Two-factor authentication (2FA) requires two pieces of information to be entered to log in.
Therefore, you will also need to enter a time-based one-time password to log into your SSH server.
This one-time password is calculated using the TOTP algorithm, which is an IETF standard.
Installation and configuration of Google Authenticator in Ubuntu and derivatives
The first step that we are going to carry out is the installation of Google Authenticator in our system, so we are going to open a terminal in the system (this can be done with the key combination “Ctrl + Alt + T) and in it we are going to type the following command:
sudo apt install libpam-google-authenticator
Installation done we are going to run the newly installed application with the following command:
google-authenticator
When executing this command, what we are going to do is assign a secret key and this will ask us if we want to use the tokens based on time, which we will answer yes.
After this, they will see a QR code which they can scan using a TOTP app on their phone.
Here We recommend using the Google Authenticator application on your mobile phone.il, so you can install the application through Google Play or Apple App Store on your mobile phone.
Already having the application on your phone, you must scan the QR code with it.
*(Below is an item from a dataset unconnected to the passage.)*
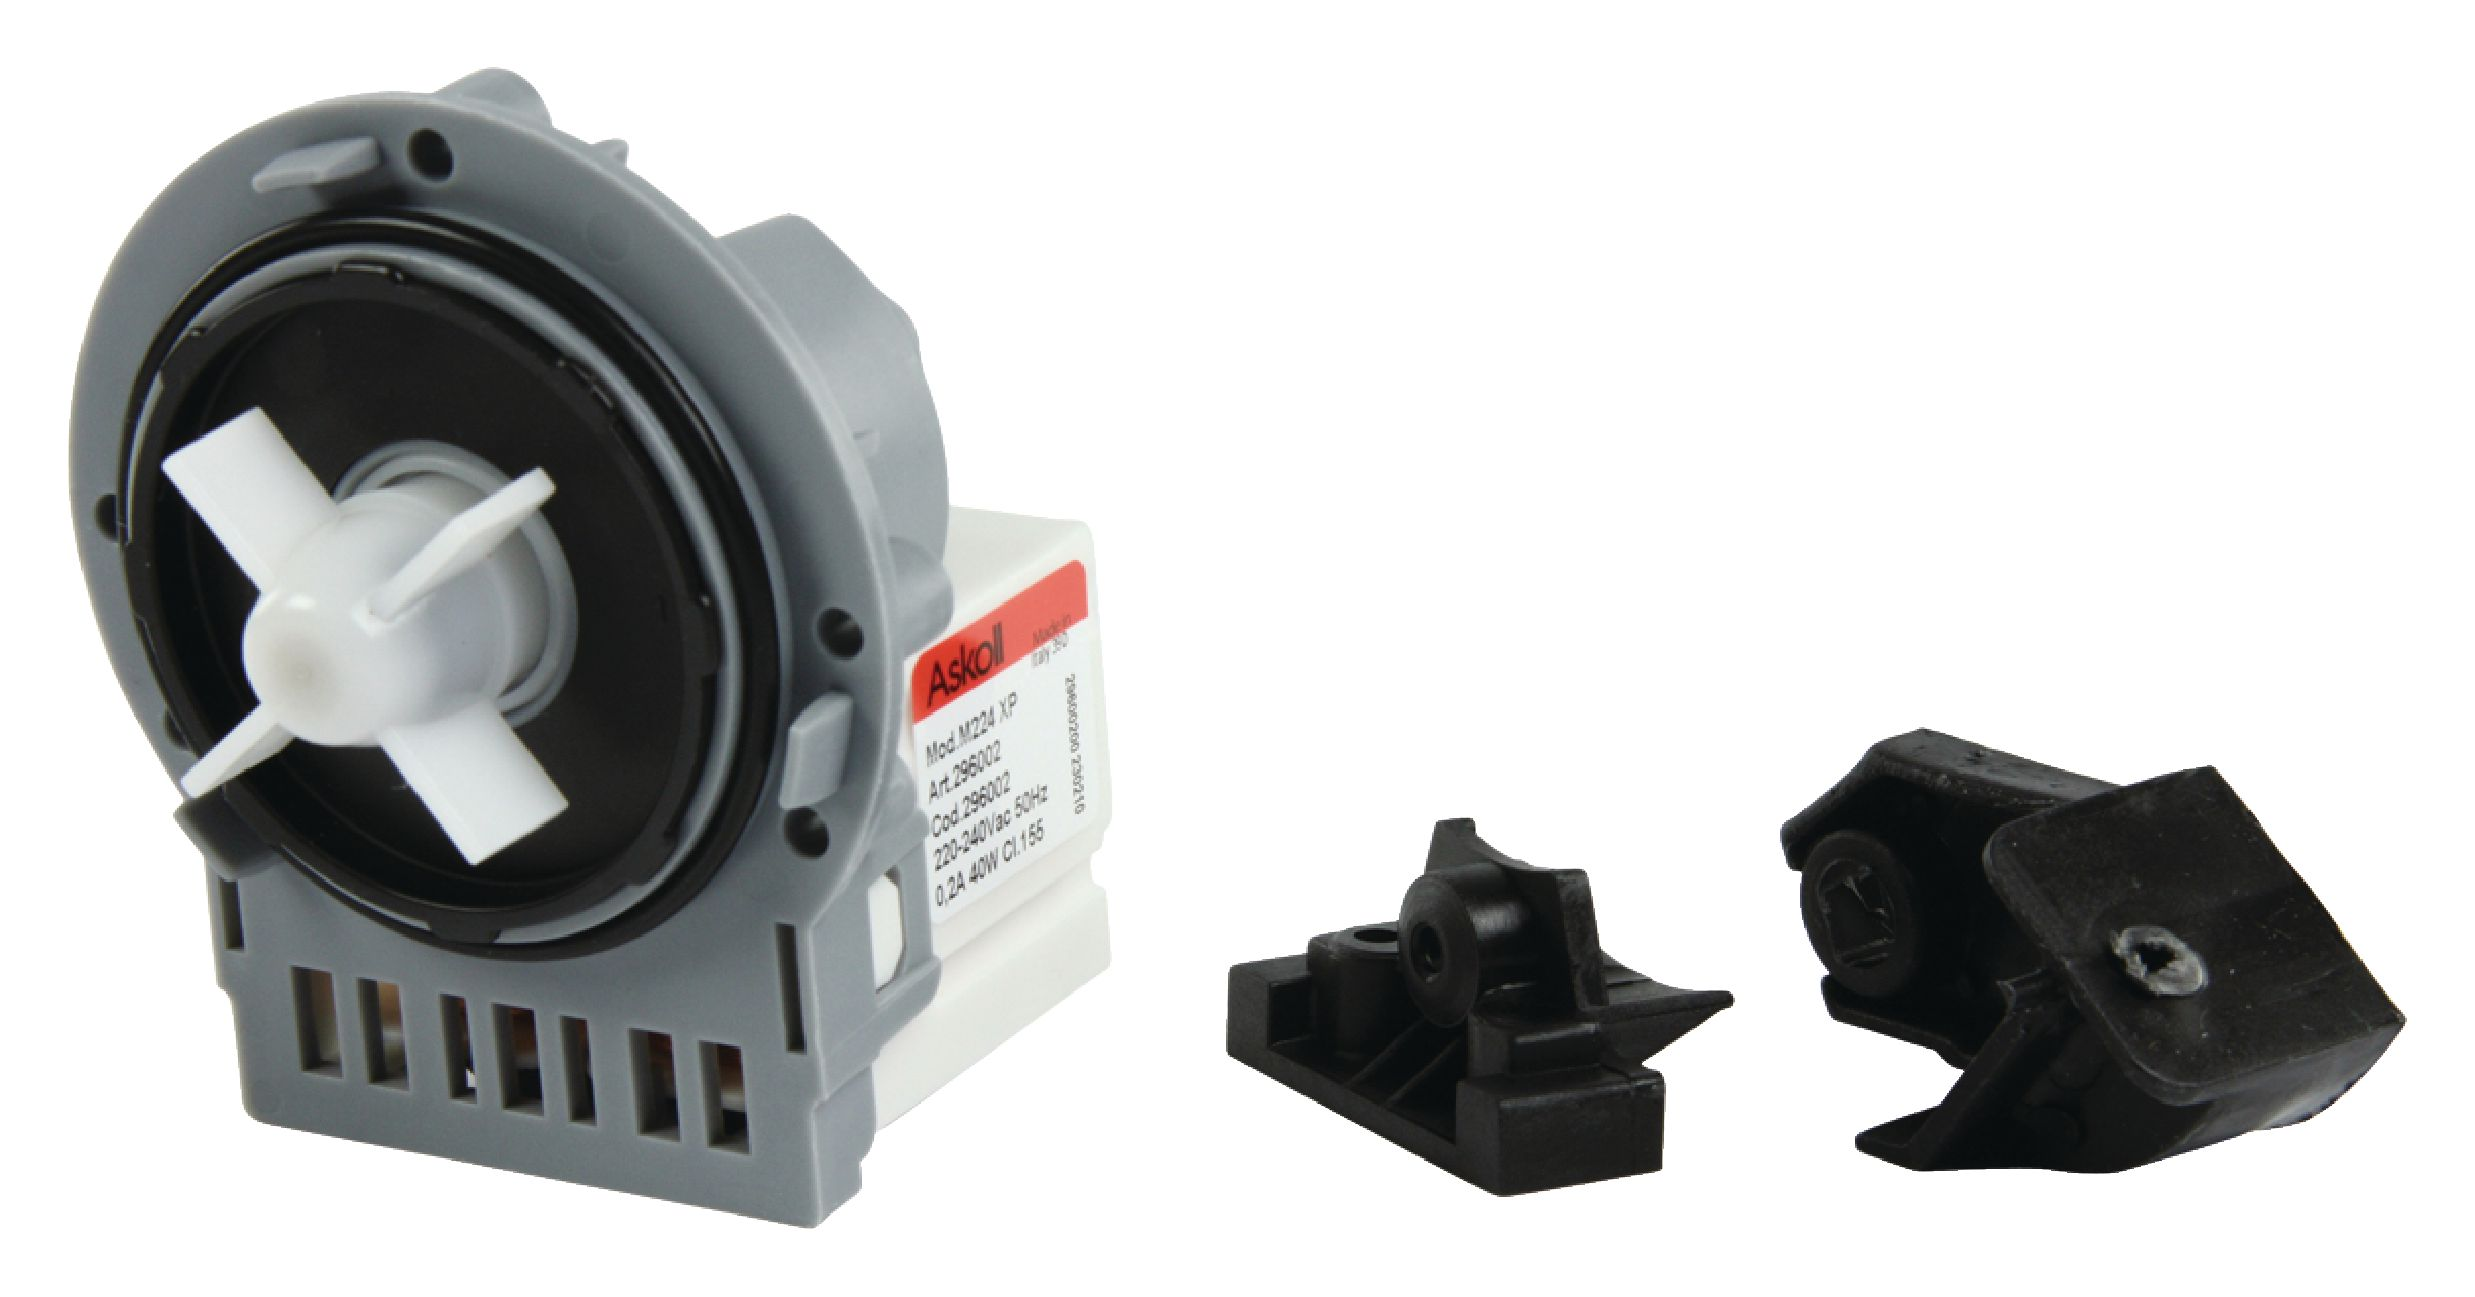 Čerpadlo pro pračky Whirpool, Bosch, Siemens, Zanussi 290903, 63AB900

Keep in mind that you need to enlarge the terminal window to scan the entire QR code.
The QR code represents the secret key, which is only known to its SSH server and its Google Authenticator app.
Once the QR code is scanned, they can see a unique six-digit token on their phone. By default this token lasts 30 seconds and it must be entered to log into Ubuntu through SSH.
In the terminal you will also be able to see the secret code, as well as the verification code and the emergency start code.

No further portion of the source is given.